Supplied information -
*** Block opens ***

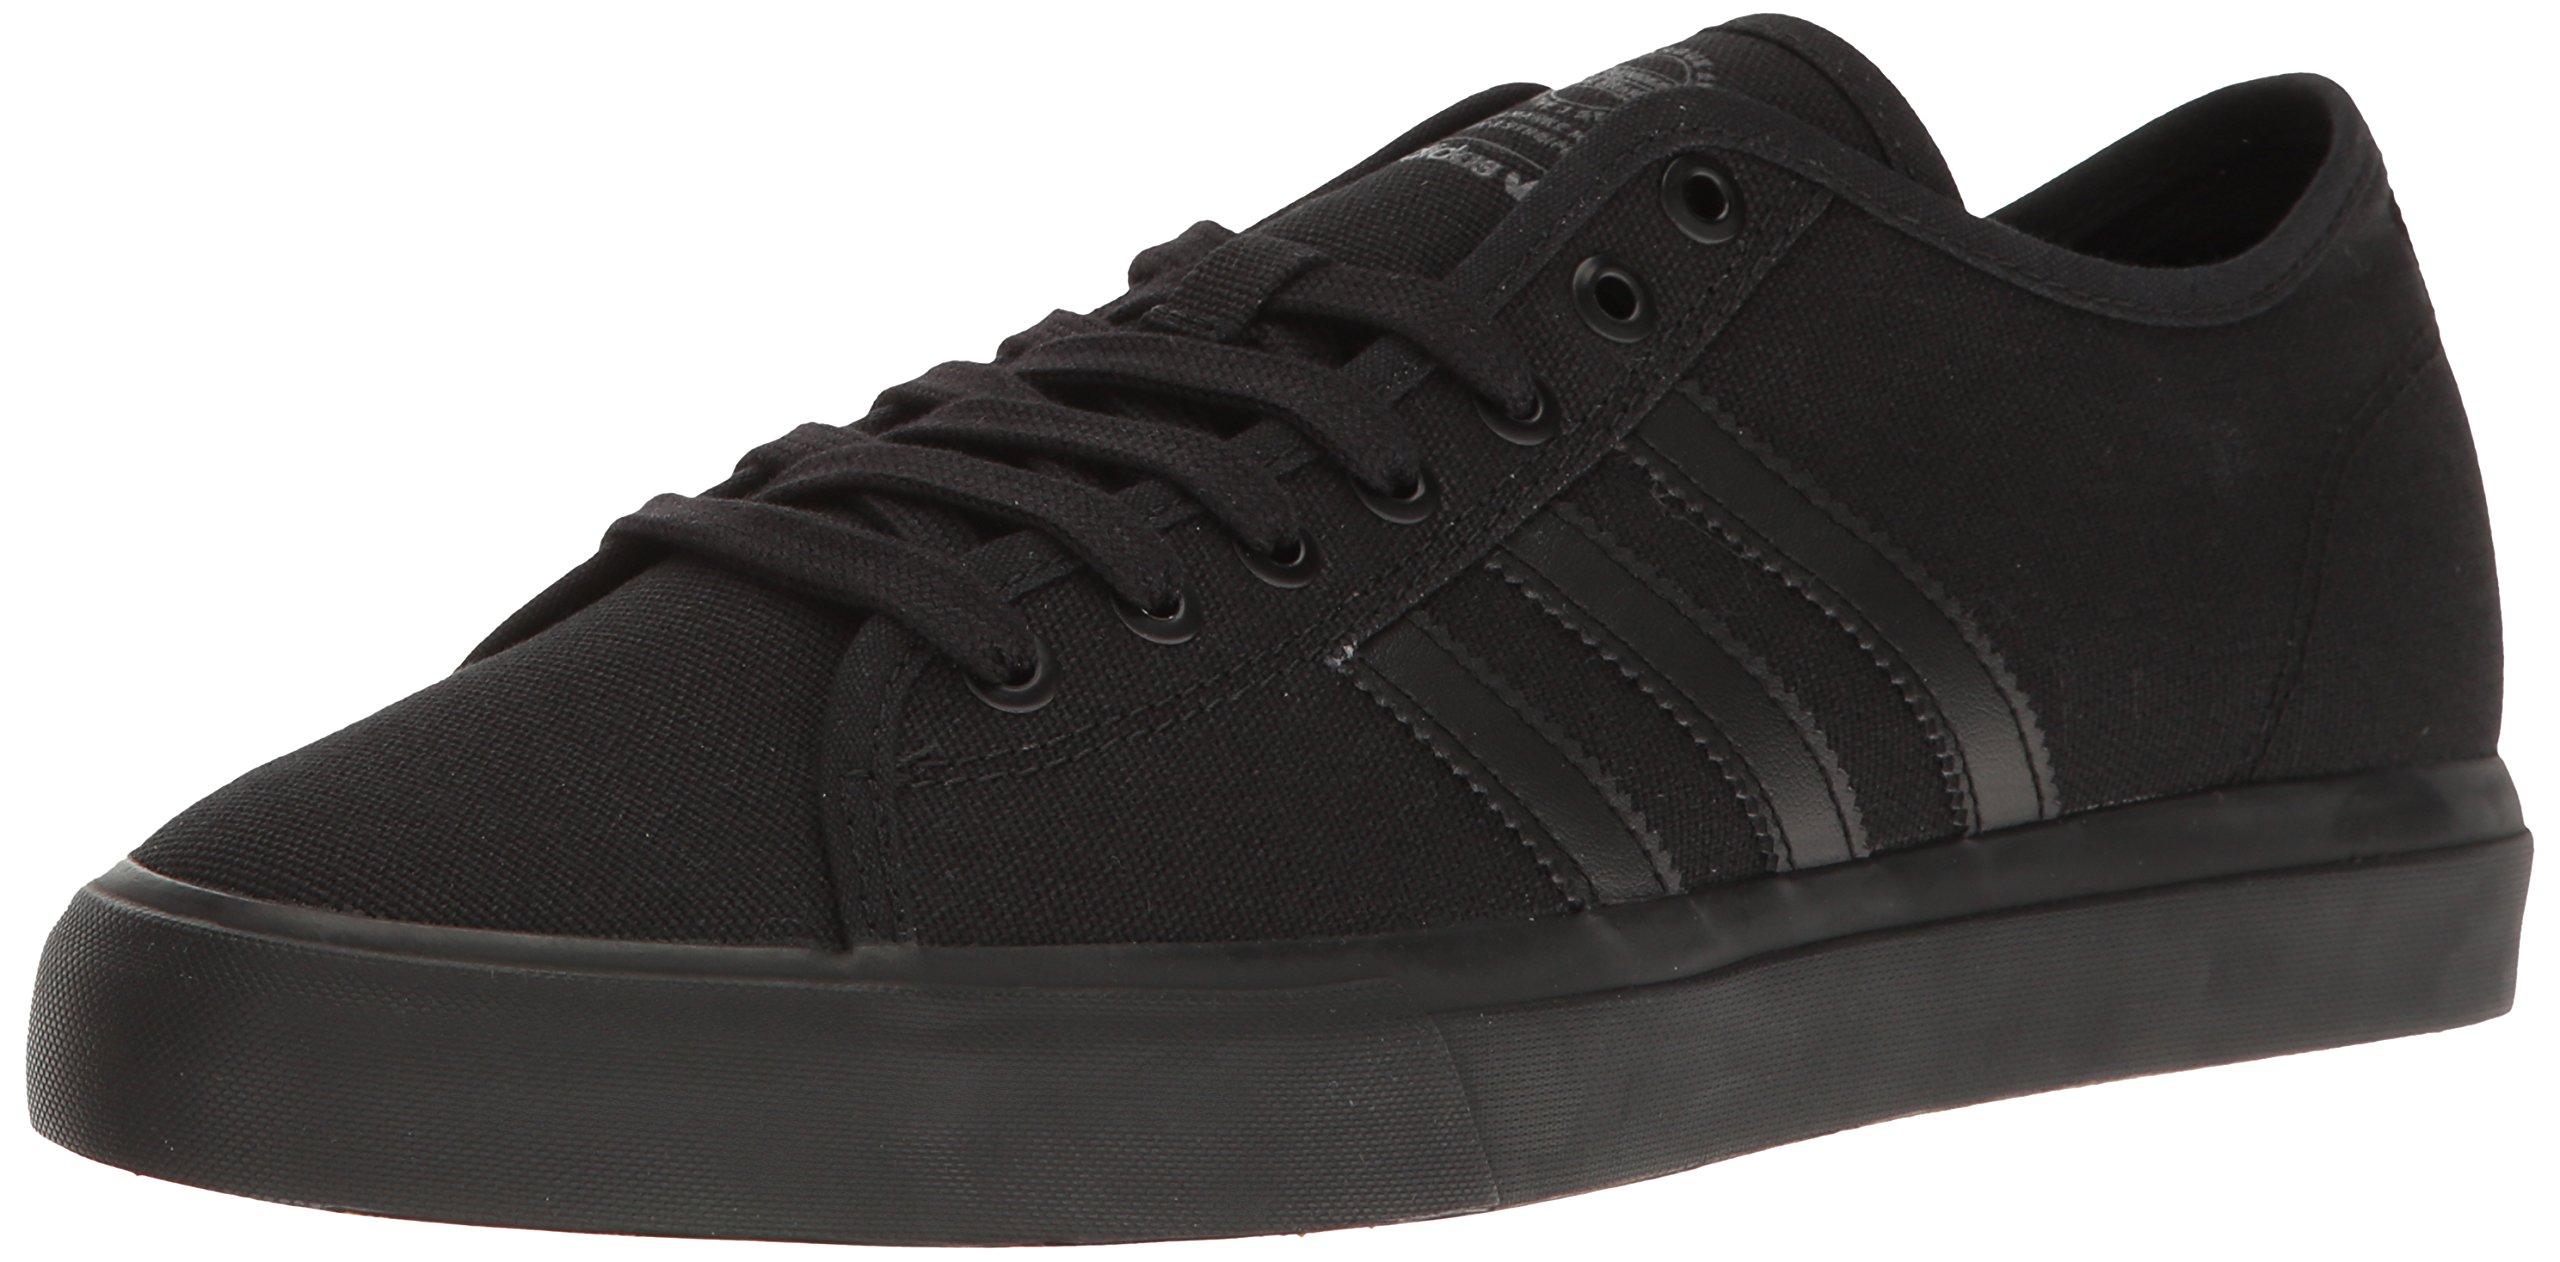 2739ae753db Galleon - Adidas Men s Matchcourt RX Shoes
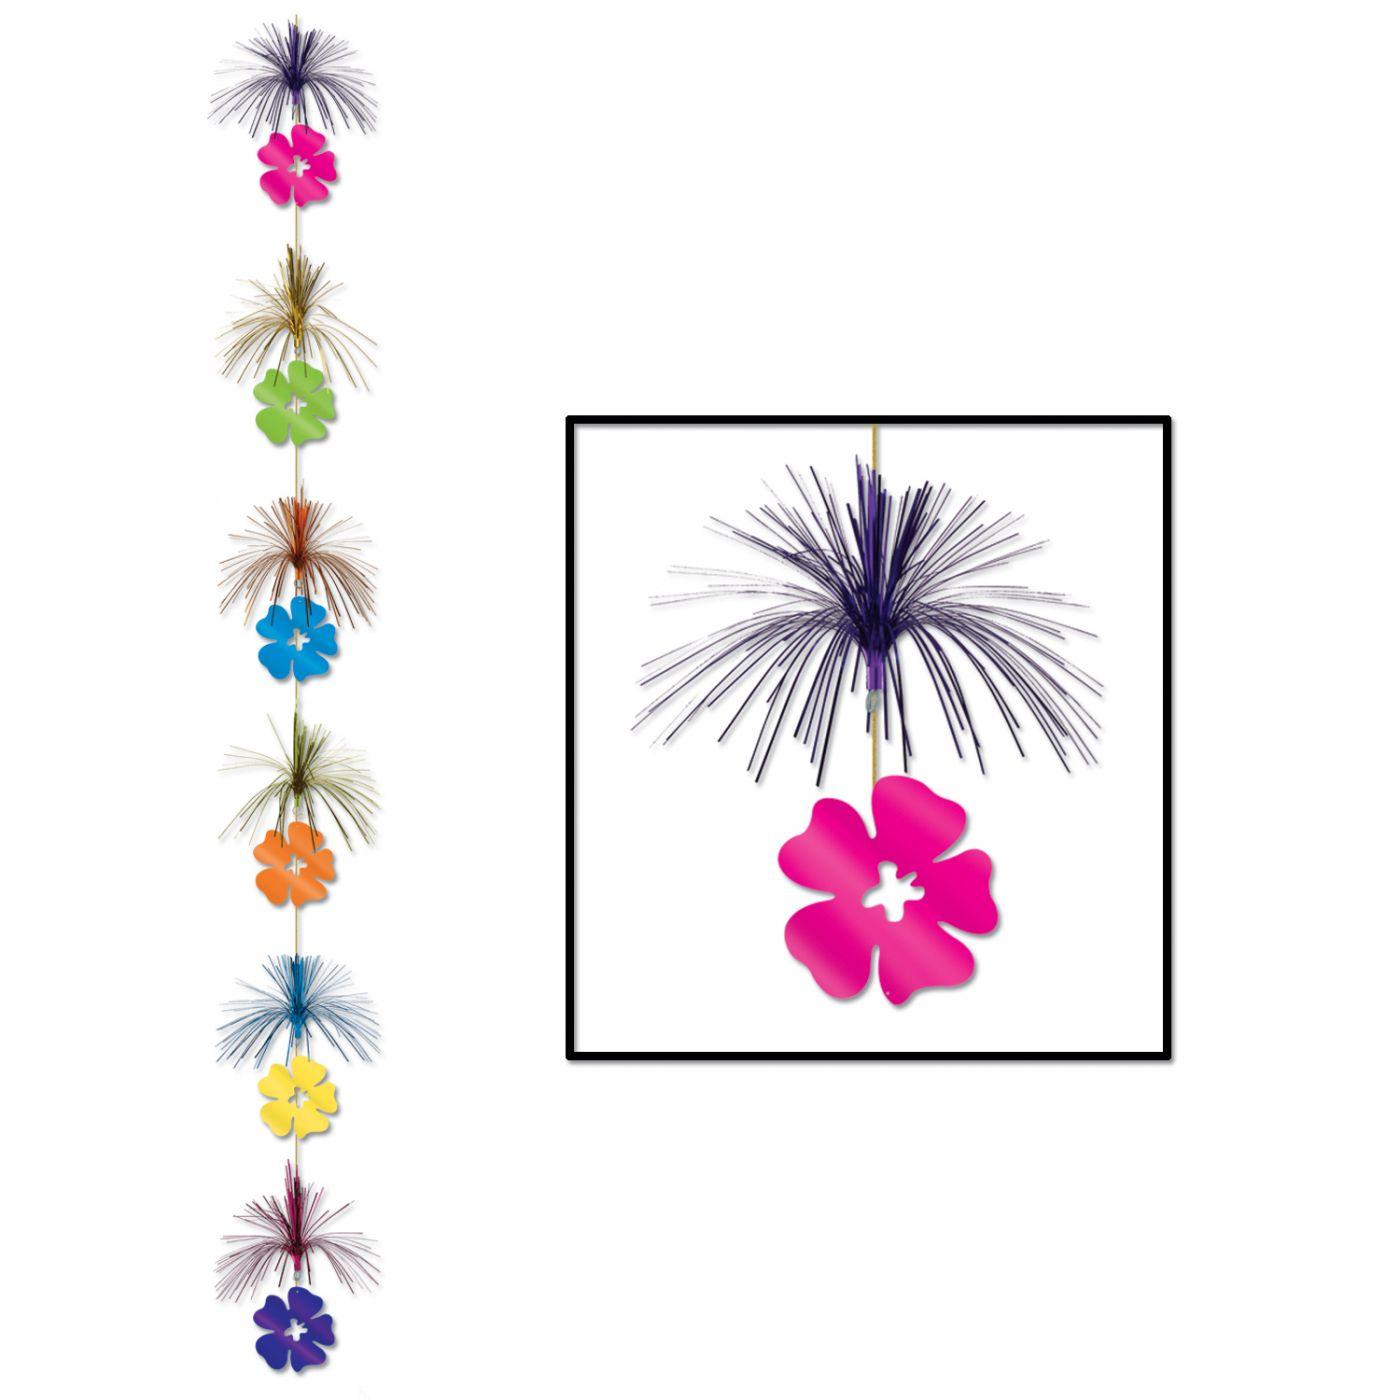 Hibiscus Firework Stringer image
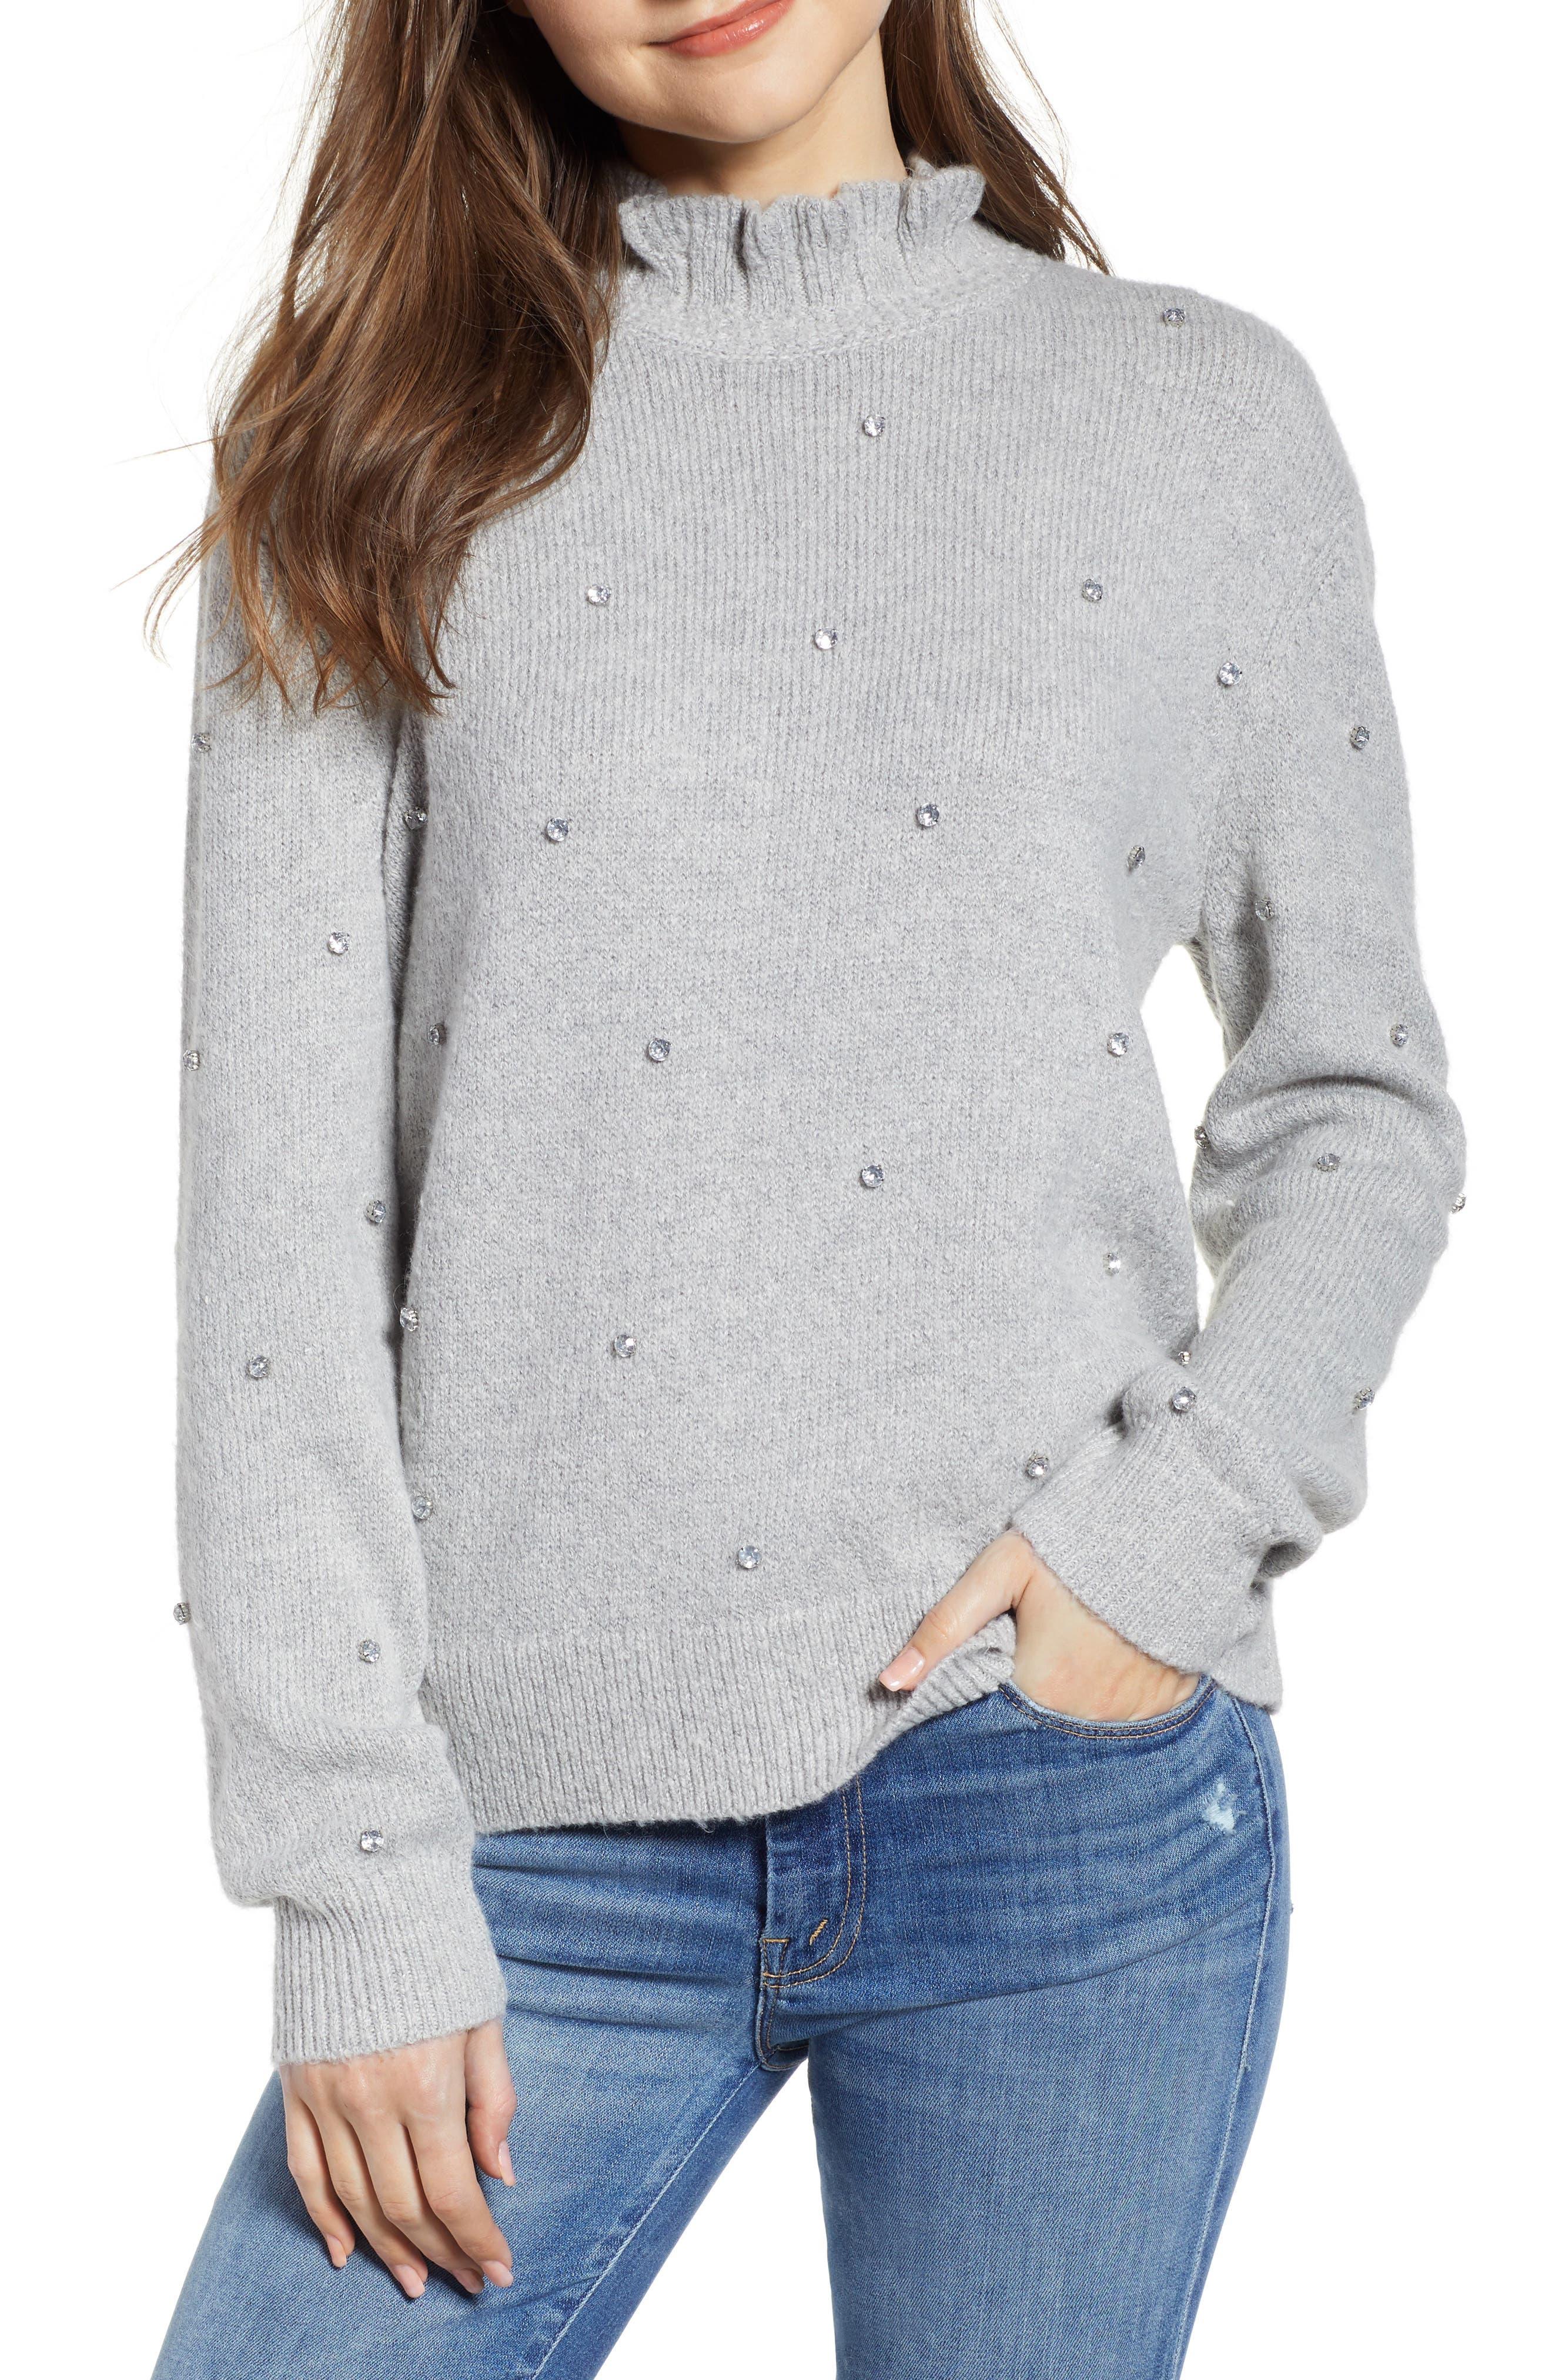 Embellished Ruffle Neck Sweater, Main, color, GREY LIGHT HEATHER

*** Block closes ***

Work to be completed -
Write the data above out again exactly, every line of it, and exclude the pictures.

Your solution -
 2739ae753db Galleon - Adidas Men s Matchcourt RX Shoes
 Hibiscus Firework Stringer image
 Embellished Ruffle Neck Sweater, Main, color, GREY LIGHT HEATHER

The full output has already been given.